- **GOAL OF THE EXERCISE**: Set the whole listing down again, word for word, with no pictures.

- **DATASET SECTION**:
<<<<

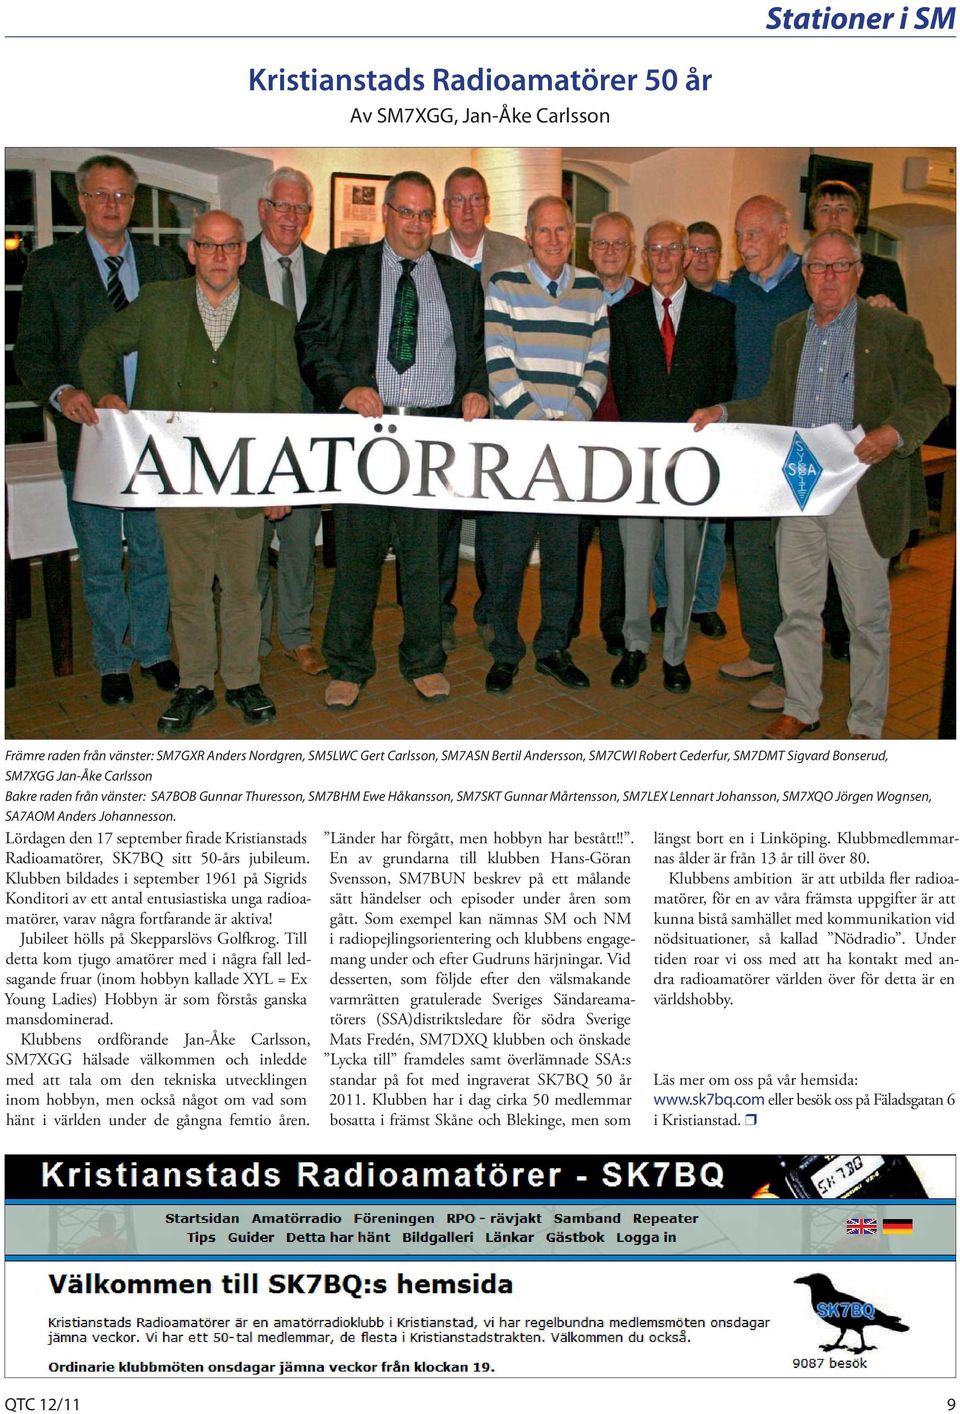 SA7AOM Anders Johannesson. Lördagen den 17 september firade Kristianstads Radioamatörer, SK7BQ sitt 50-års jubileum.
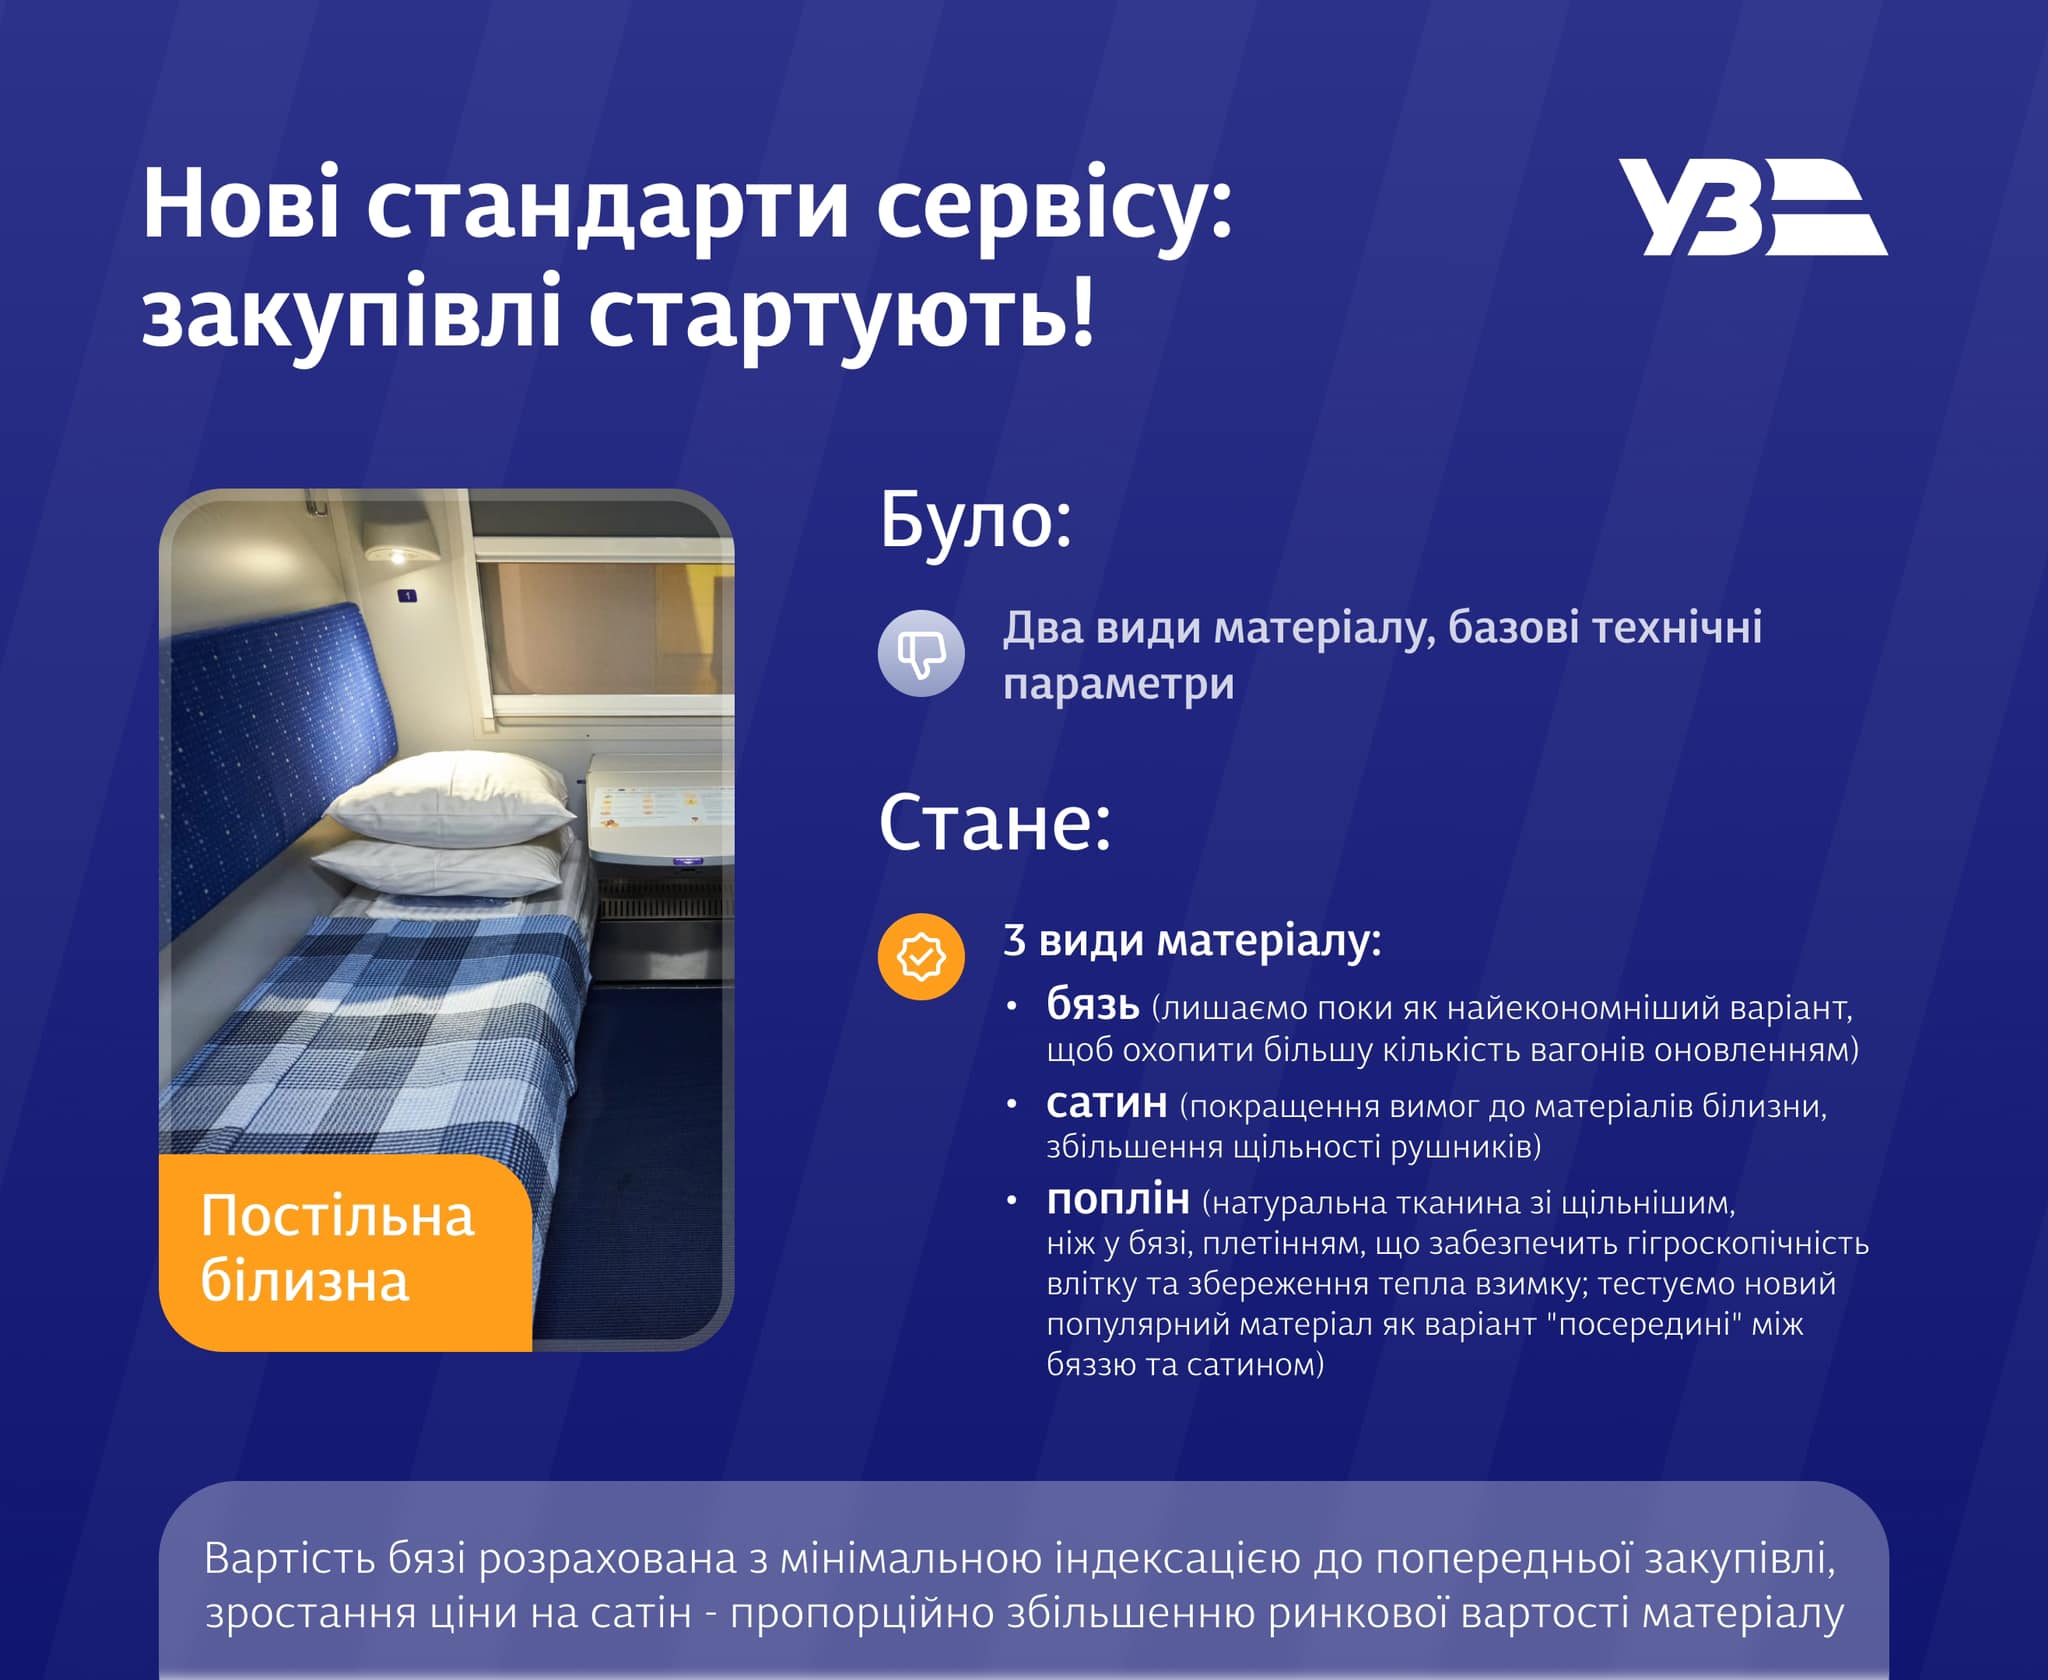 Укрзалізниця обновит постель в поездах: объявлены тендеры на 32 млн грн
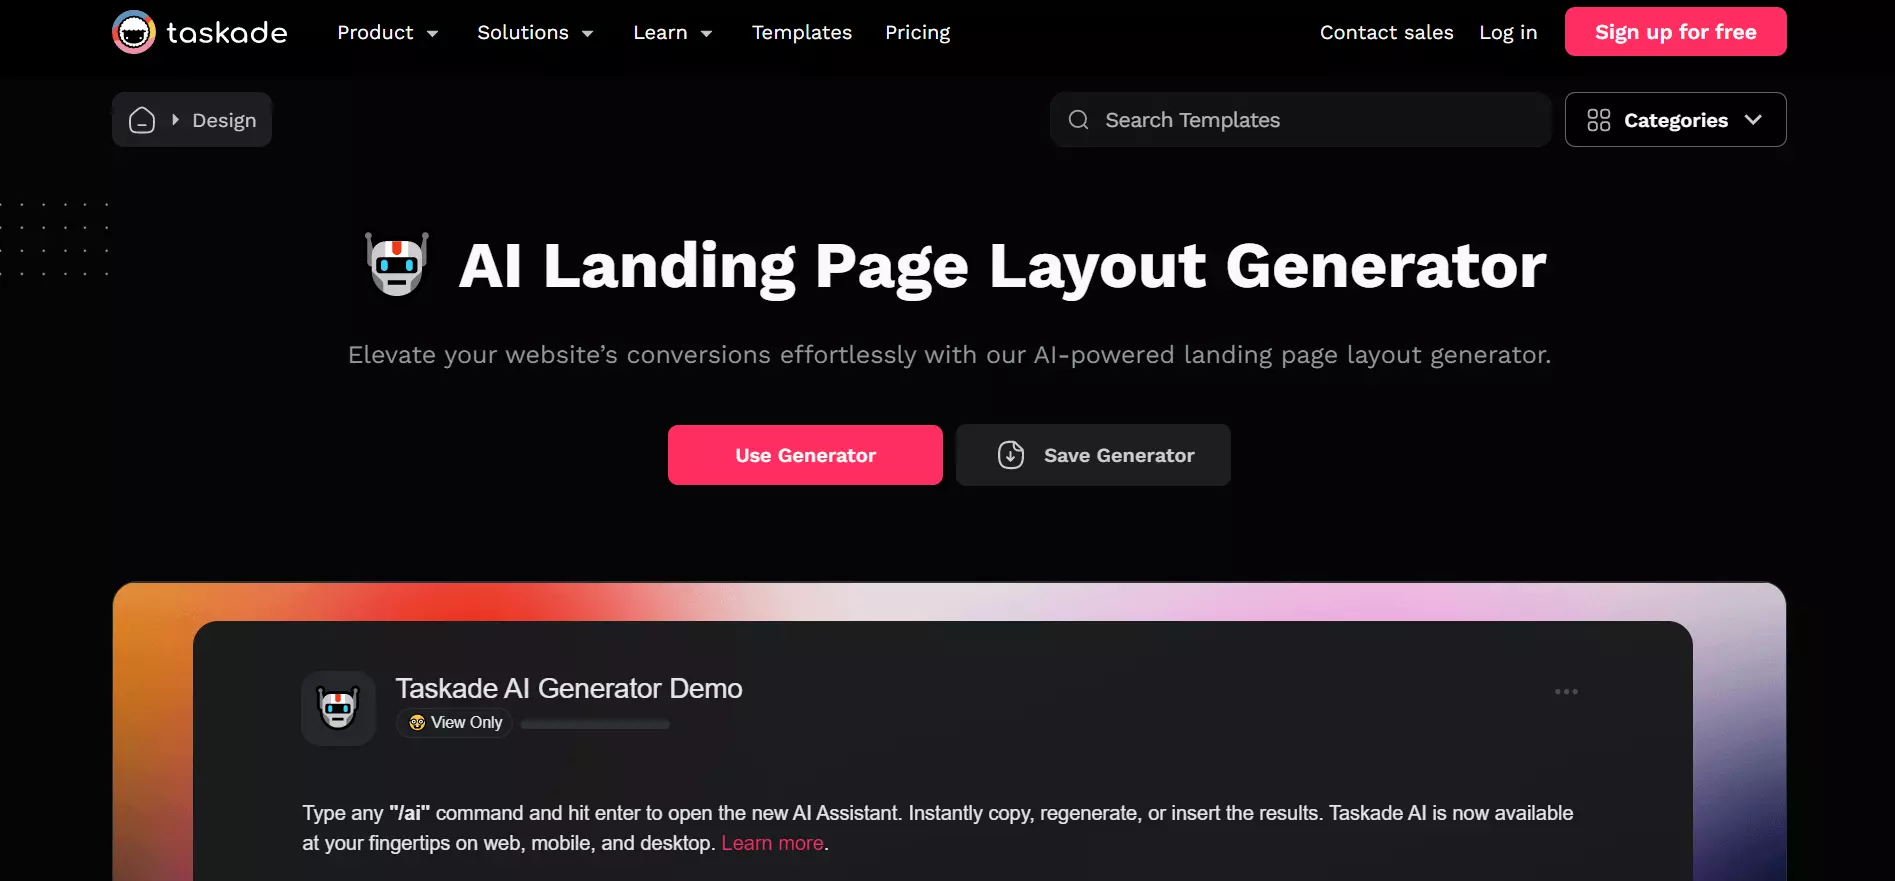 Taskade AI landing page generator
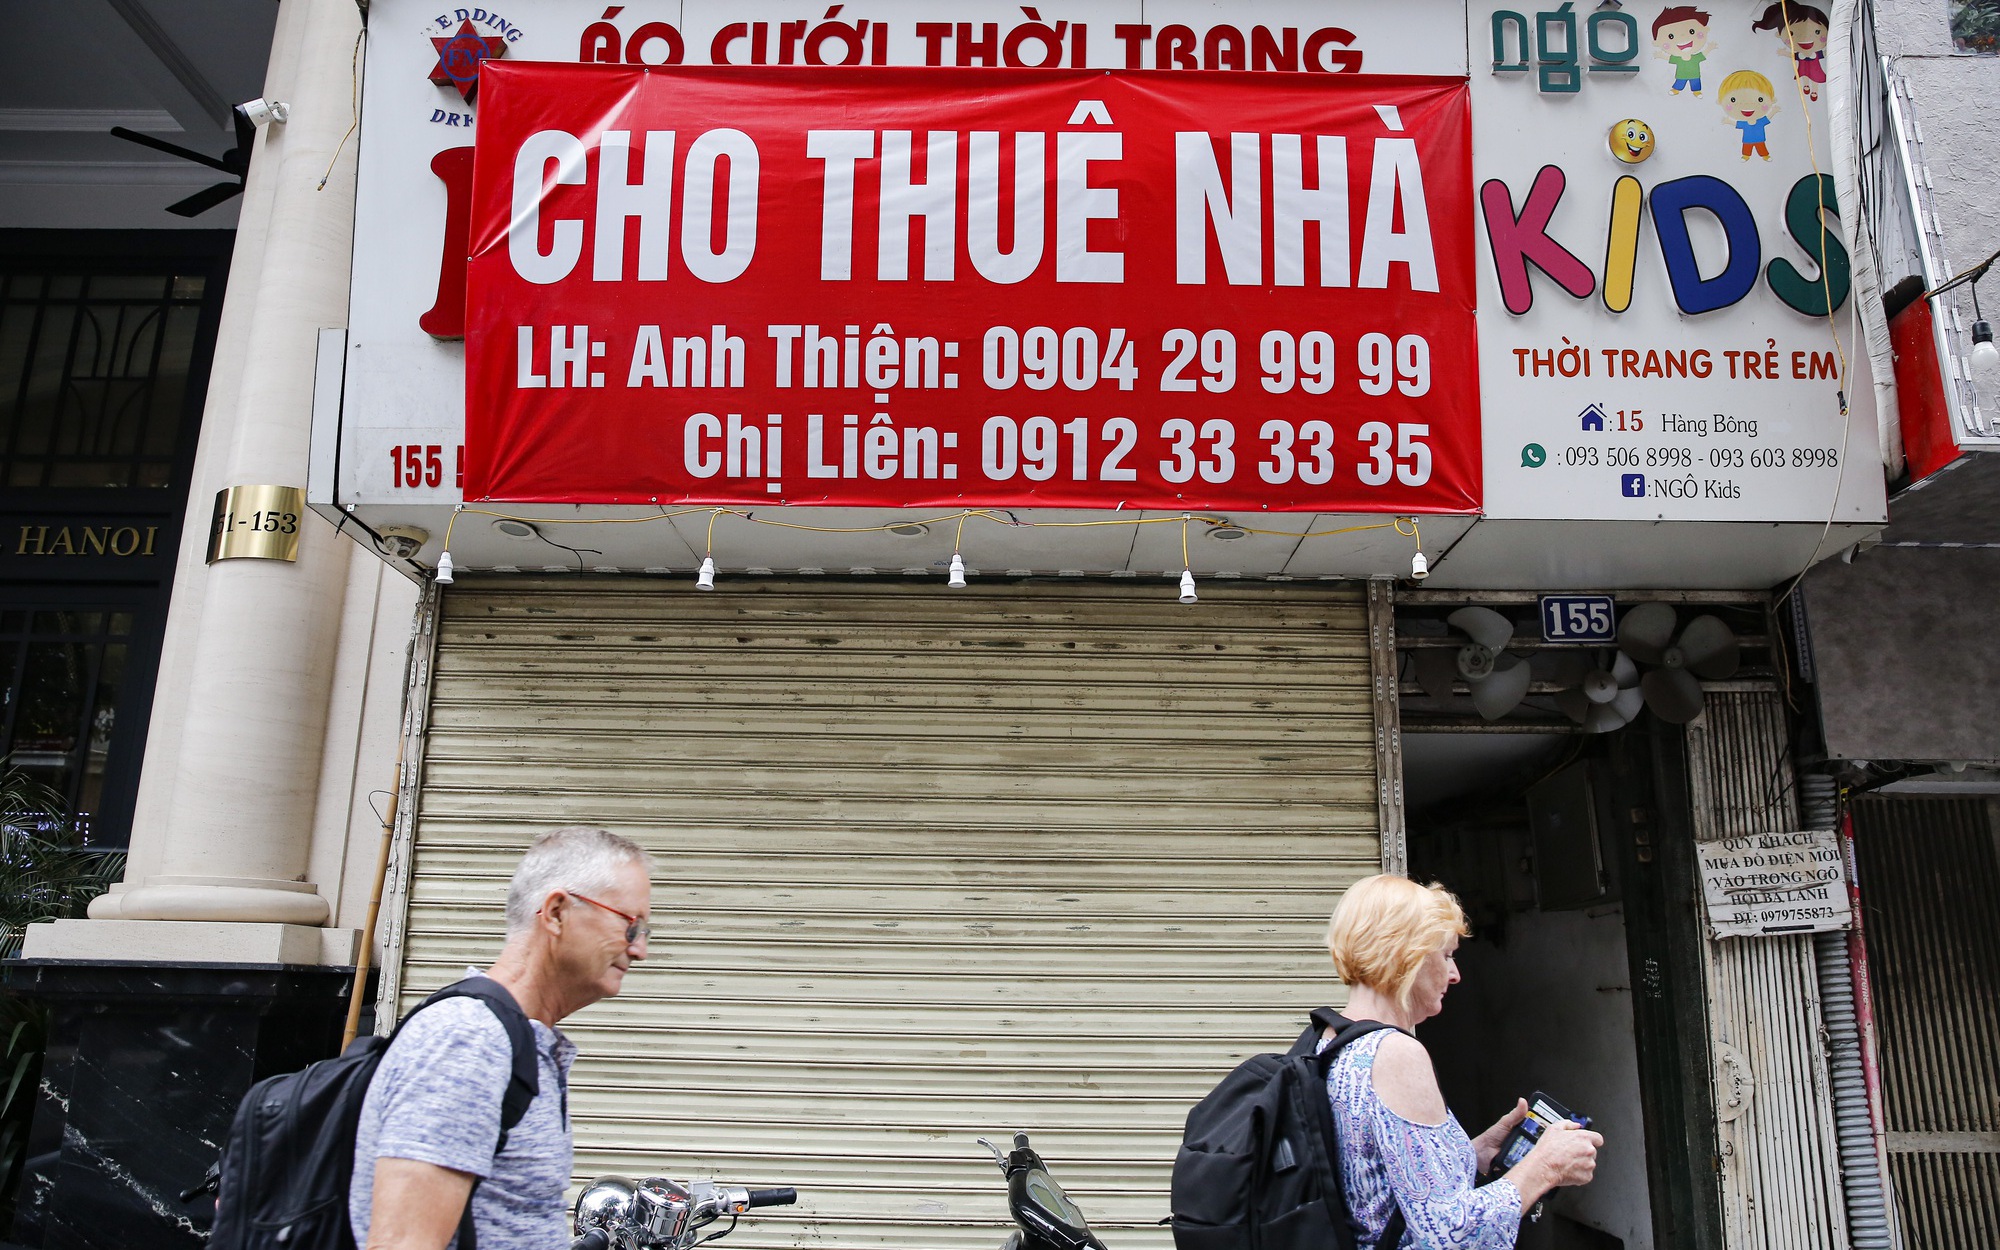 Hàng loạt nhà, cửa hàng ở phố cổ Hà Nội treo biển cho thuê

>>>>

- **RESULT OF THIS EXERCISE**:
 SA7AOM Anders Johannesson. Lördagen den 17 september firade Kristianstads Radioamatörer, SK7BQ sitt 50-års jubileum.
 Укрзалізниця обновит постель в поездах: объявлены тендеры на 32 млн грн
 Taskade AI landing page generator
 Hàng loạt nhà, cửa hàng ở phố cổ Hà Nội treo biển cho thuê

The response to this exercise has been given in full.